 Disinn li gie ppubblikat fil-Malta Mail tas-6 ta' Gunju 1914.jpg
*****
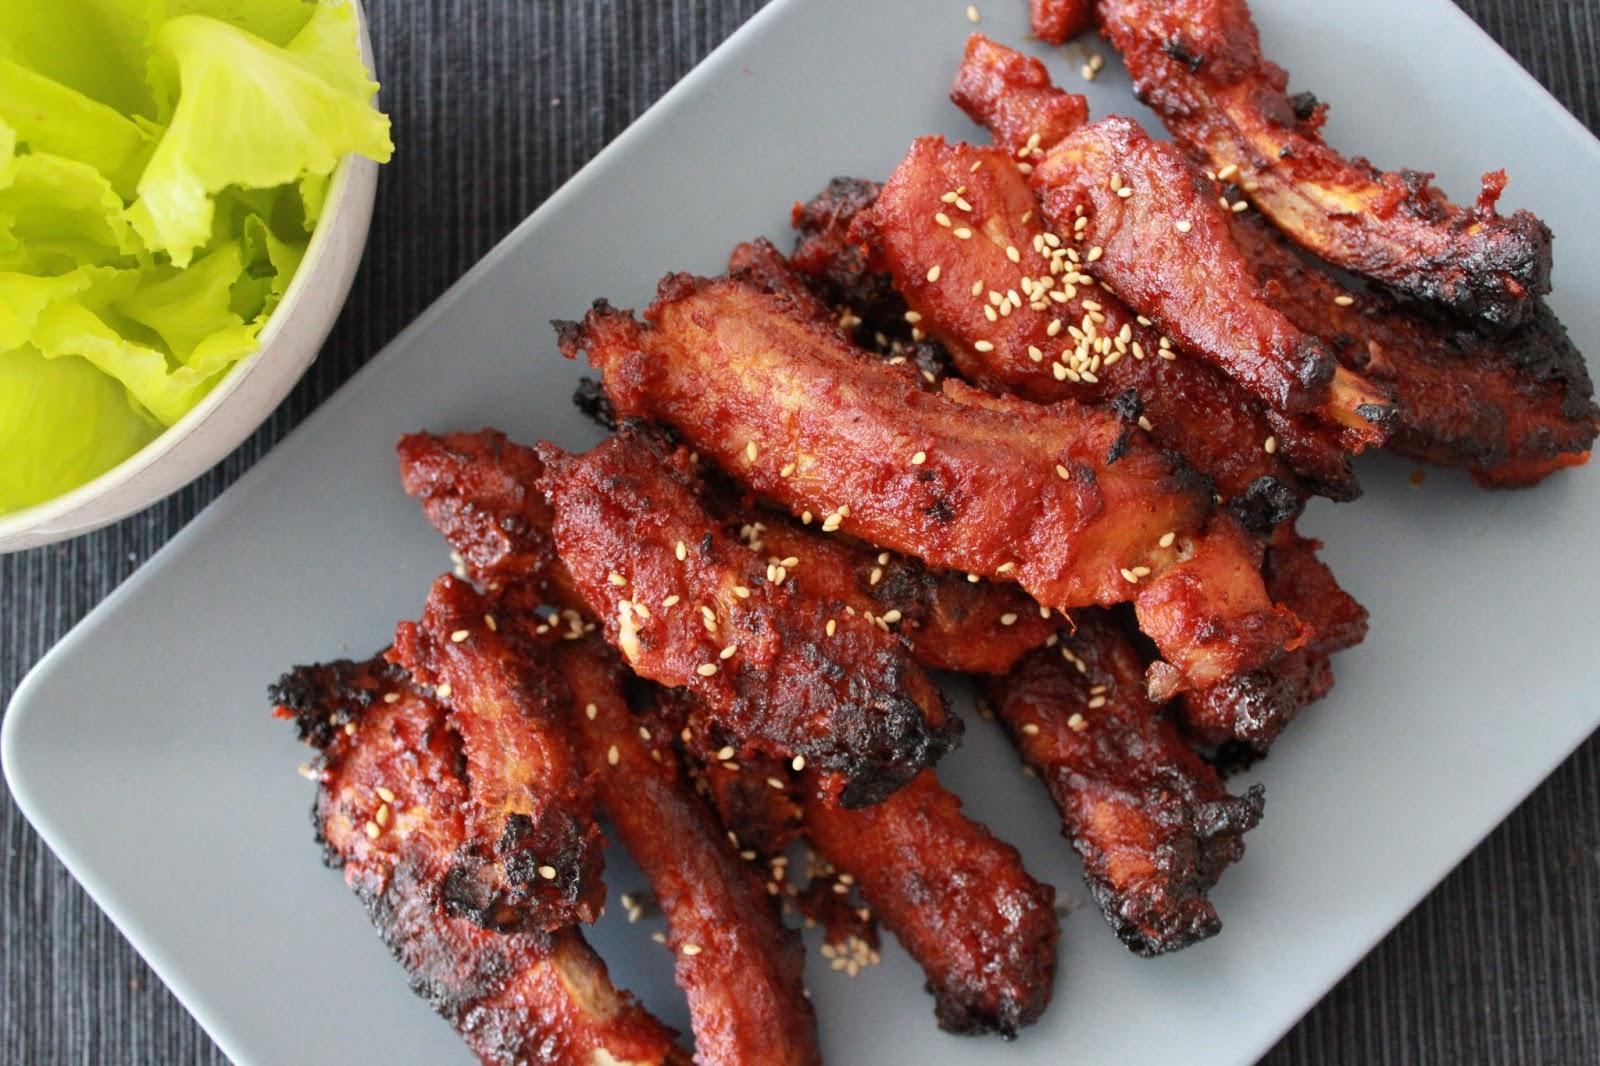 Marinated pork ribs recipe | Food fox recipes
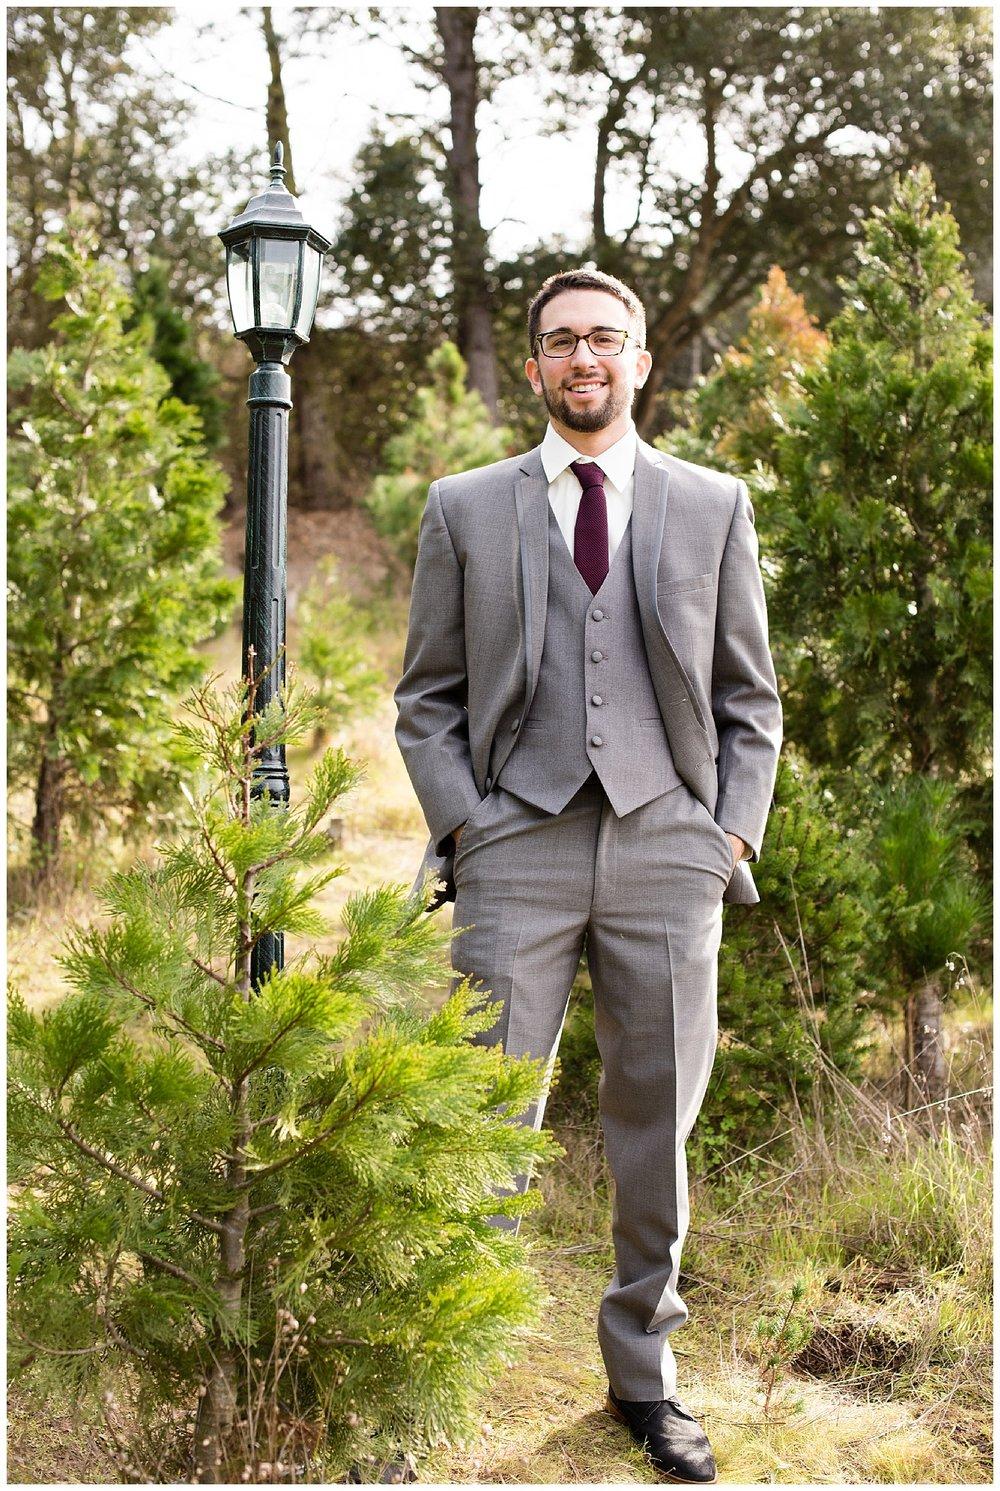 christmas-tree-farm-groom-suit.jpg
*****
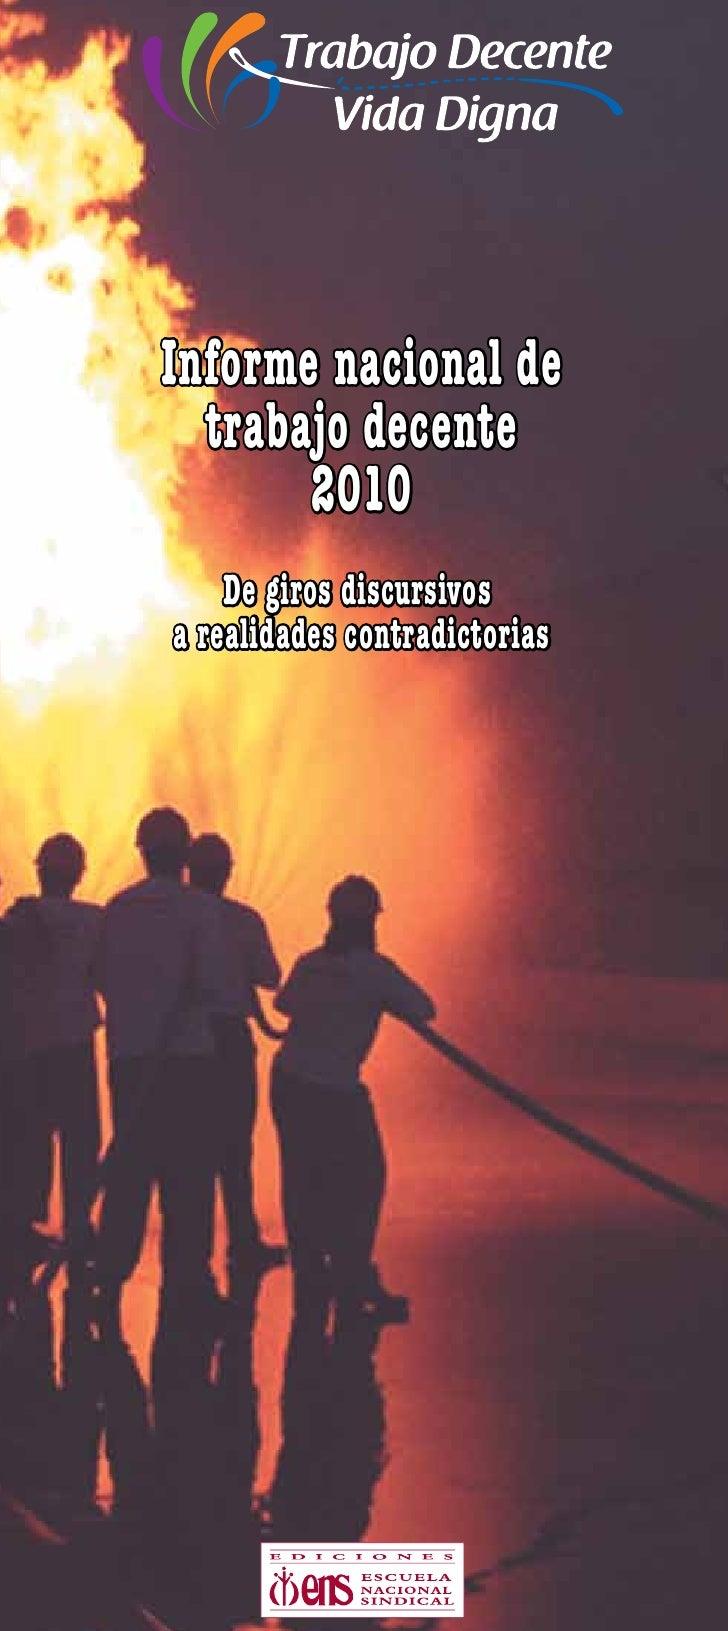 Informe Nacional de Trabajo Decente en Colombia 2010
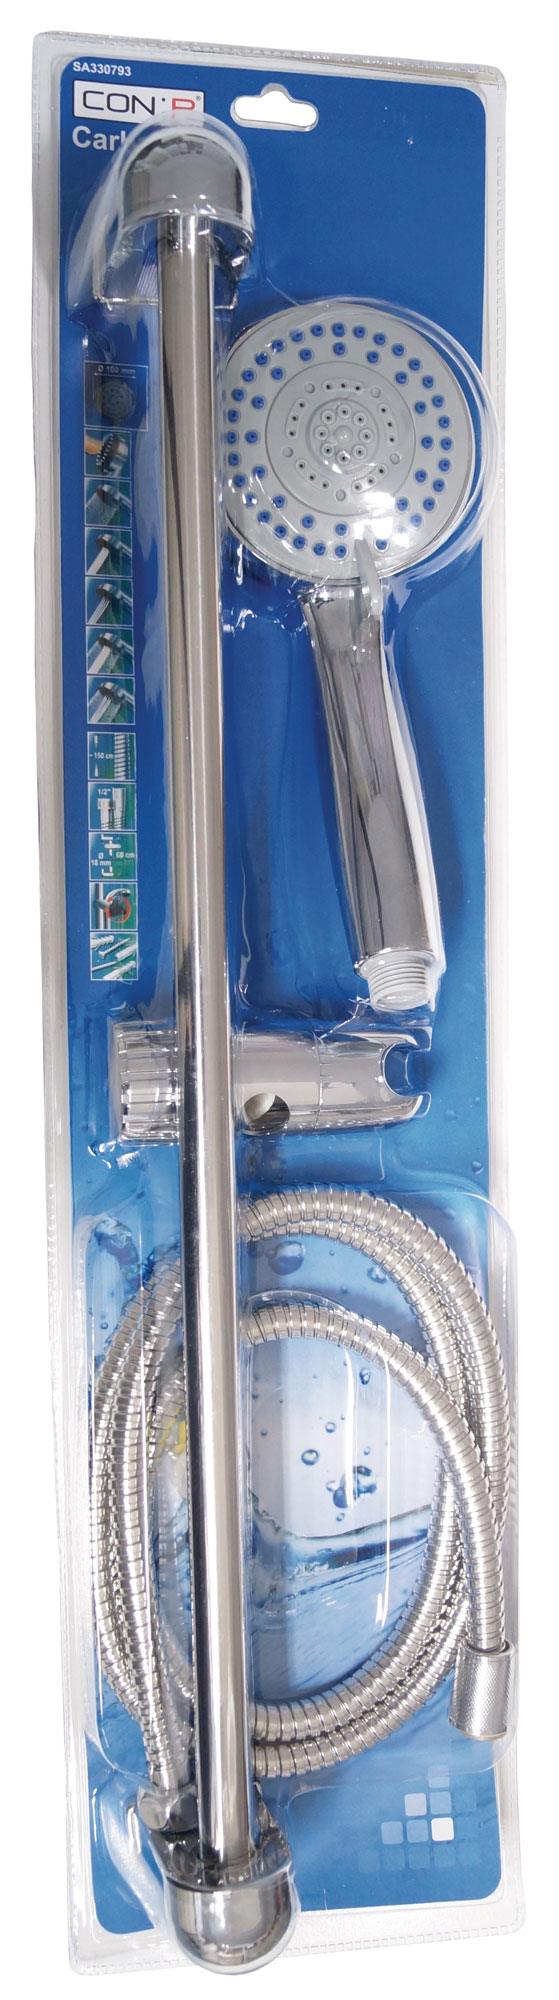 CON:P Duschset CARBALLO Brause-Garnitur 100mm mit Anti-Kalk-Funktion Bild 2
*****
> [EXERCISE BRIEF]: Print, word for word, the lines above that run from the line containing "Informe Nacional de" to the line containing "CON:P Duschset CARBALLO", both included. Keep the pictures out.

> [WRITTEN RESPONSE]:
 Informe Nacional de Trabajo Decente en Colombia 2010
 CON:P Duschset CARBALLO Brause-Garnitur 100mm mit Anti-Kalk-Funktion Bild 2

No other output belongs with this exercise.